* ACTIVITY:
Make an exact copy of the listing, without images.

* DATASET EXTRACT:
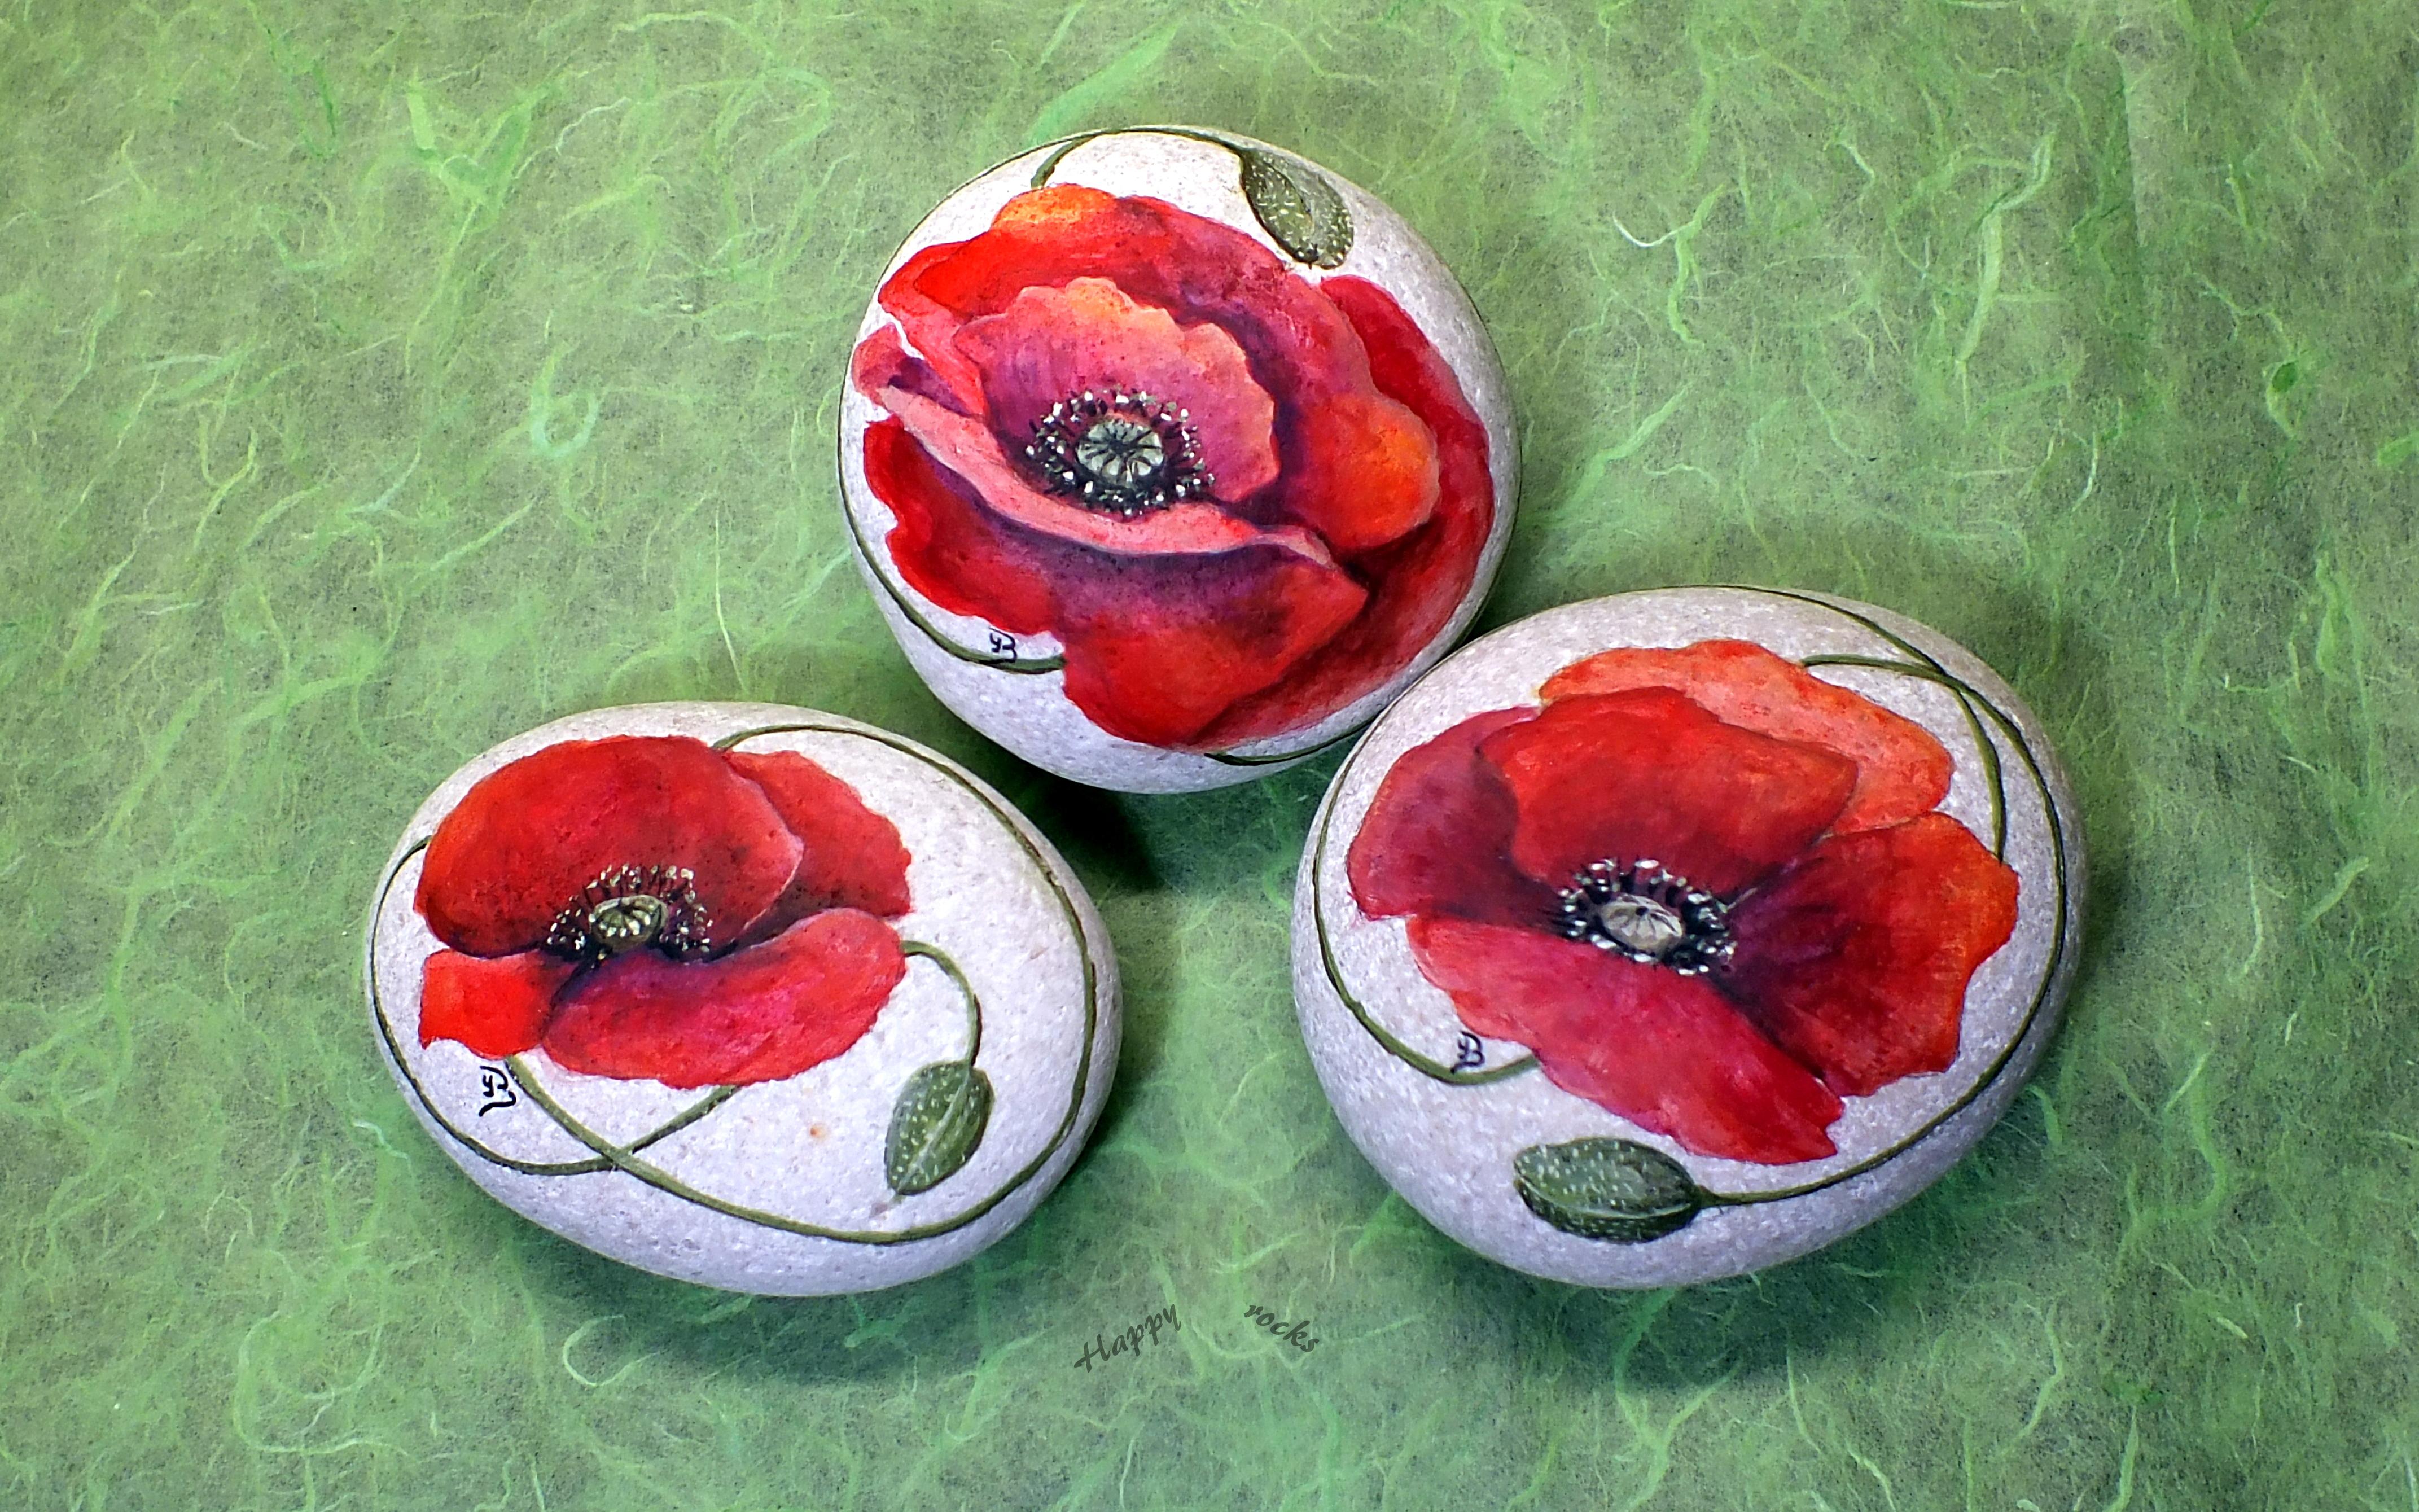 Coquelicots - poppies
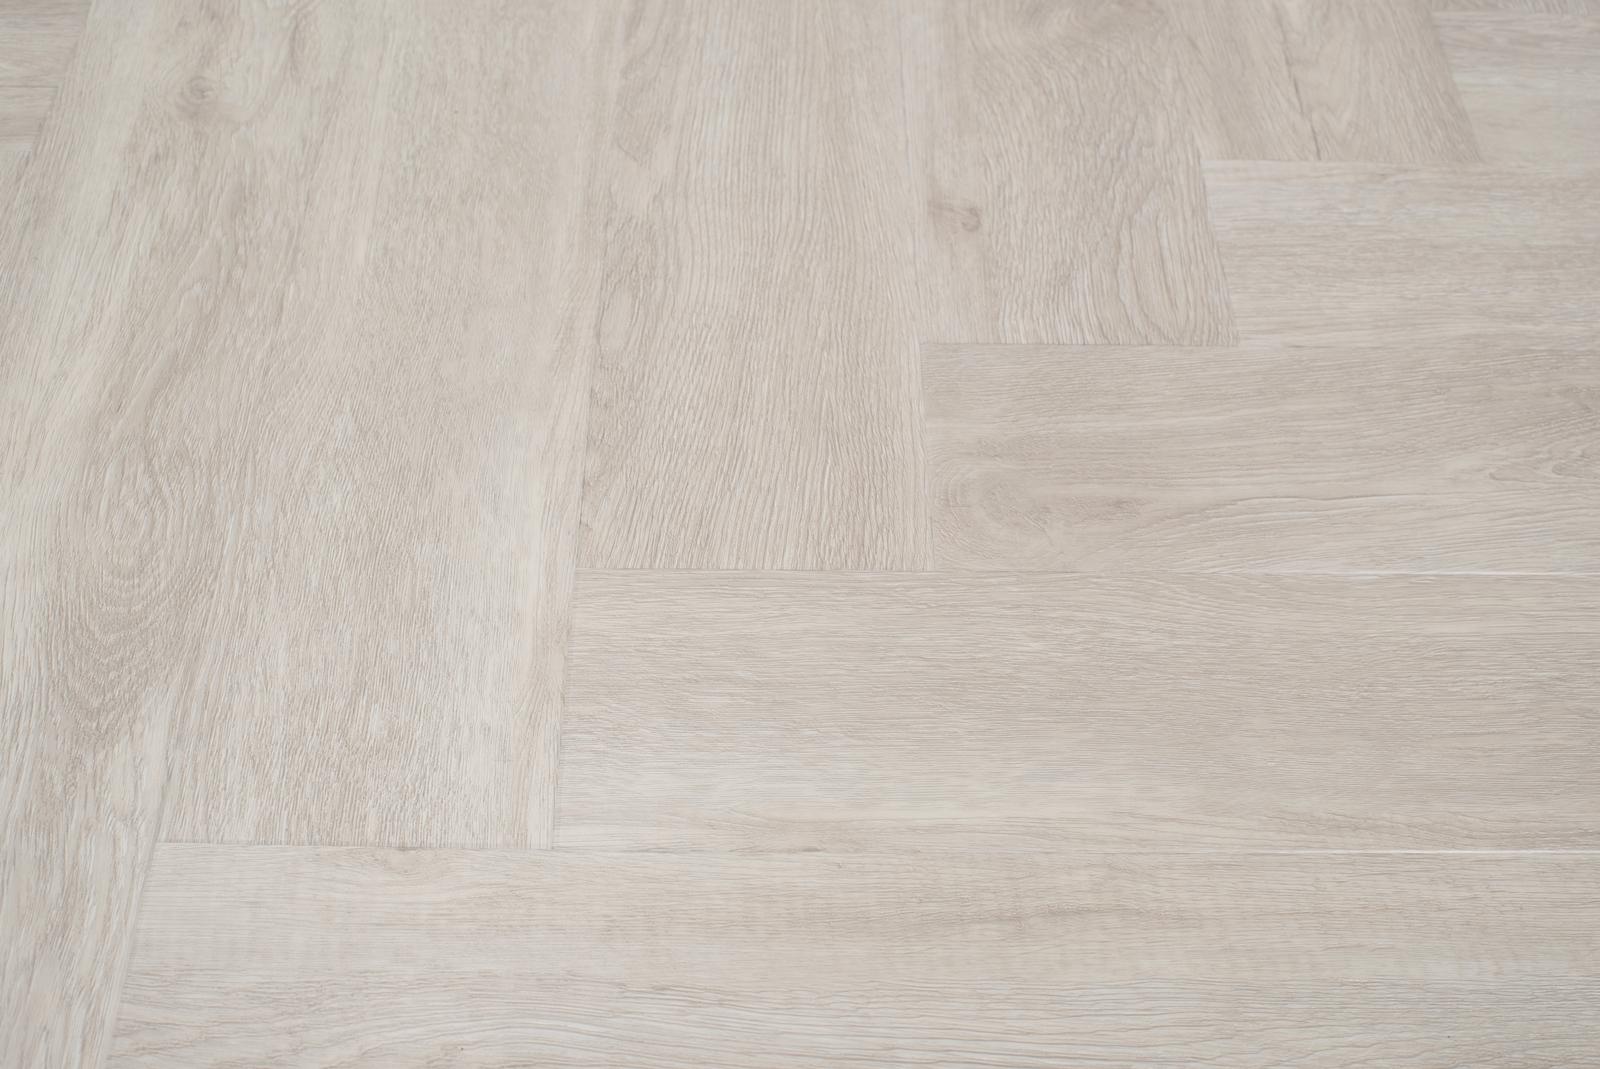 Pvc Visgraat Vloer : Floer visgraat pvc vloer krijtwit eiken visgraat vloeren met v groef
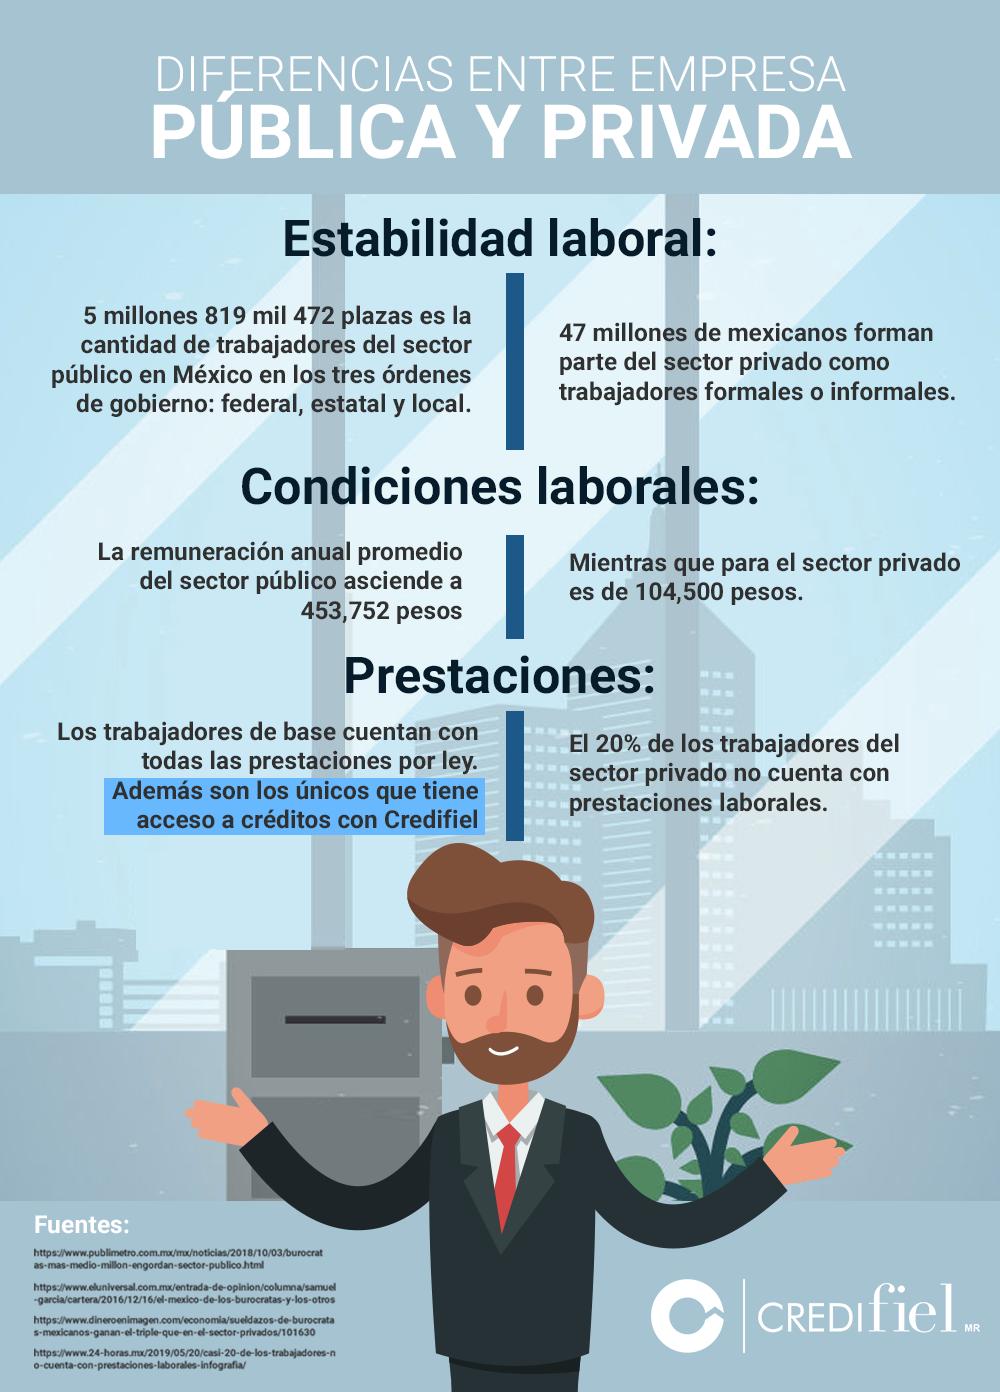 Diferencia-entre-empresa-privada-y-publica

* TASK SOLUTION:
 Coquelicots - poppies
 Pvc Visgraat Vloer : Floer visgraat pvc vloer krijtwit eiken visgraat vloeren met v groef
 Diferencia-entre-empresa-privada-y-publica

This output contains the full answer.